A late summer decision by the Arizona Supreme Court has drastically changed the way the state perceives medical malpractice cases when they ruled that all medical malpractice lawsuits which involve unclear cases of injury or death cannot proceed without relevant sufficient expert witness testimony delivery guidance for jurors.

The original case was nearly a decade old, originating from a 2012 death of a young boy, age four, who was directed home by a surgery center after being under close supervision for 30 minutes to an hour after a tonsillectomy as well as an additional procedure that included administration of general anesthesia. When he was sent to anesthesia post-operative center he was awake and crying.

After the boy was sent home he went directly to bed.
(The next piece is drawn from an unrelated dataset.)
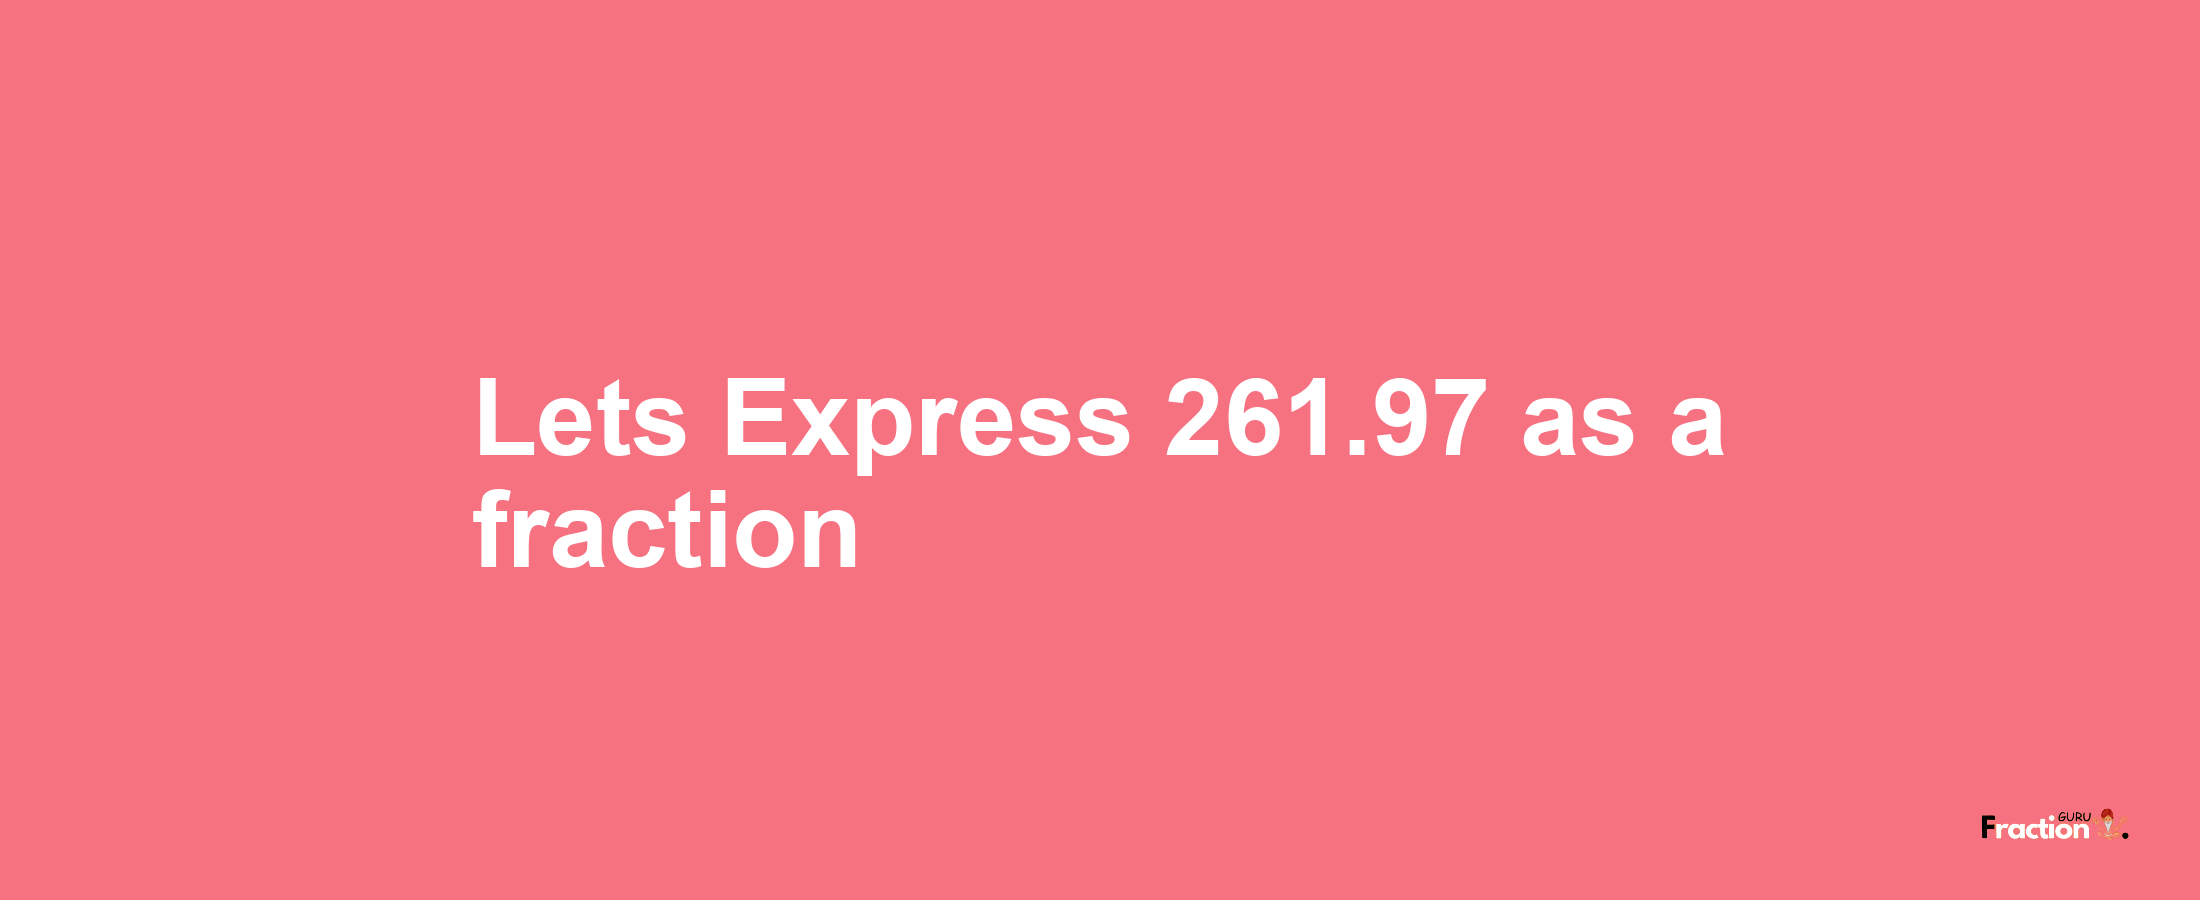 Lets Express 261.97 as afraction

Two hours later he was not breathing.

In the case the plaintiff sued with an expert opinion that the doctor was below the standard of care by releasing the boy too early. The Surgery Center argued that the standard of care expert failed to demonstrate that the surgery center’s actions directly caused the young boy’s death.

The plaintiff argued that the cause of death was obvious and no expert causation testimony was needed.

The court thought differently.

In their summary judgement, the trial court ruled that the expert’s testimony did not establish legal cause and the legal issue of if the young boy could have lived with an extended observation period was above the knowledge base of the average juror, so expert testimony was required.

The Arizona court of appeals reversed the trial court’s ruling, stating that an average jury could find the standard length of observation is usually three hours and the direct time inconsistency would lead to an inference that early discharge was the probable cause of death.

The Supreme Court threw out the court of appeals’ decision and ordered that the initial summary judgement be reinstated. The court cited that in the state of Arizona, medical malpractice cases must have causation established by expert testimony unless the cause is ‘readily apparent.’

They cited that even the plaintiff’s own expert did not say that an extended observation period would have prevented the young boy’s death, and testified that the surgery center would have had an opportunity to resuscitate the child. The court ruled that this statement was not sufficient enough information to prove direct causation.

In their ruling statement, the court said, “In a case where the standard of care or the cause of death is disputed on a matter requiring medical knowledge to resolve, it is difficult, if not impossible, to imagine a situation where lay jurors, untrained in medicine or medical procedure, could properly determine liability absent expert guidance.”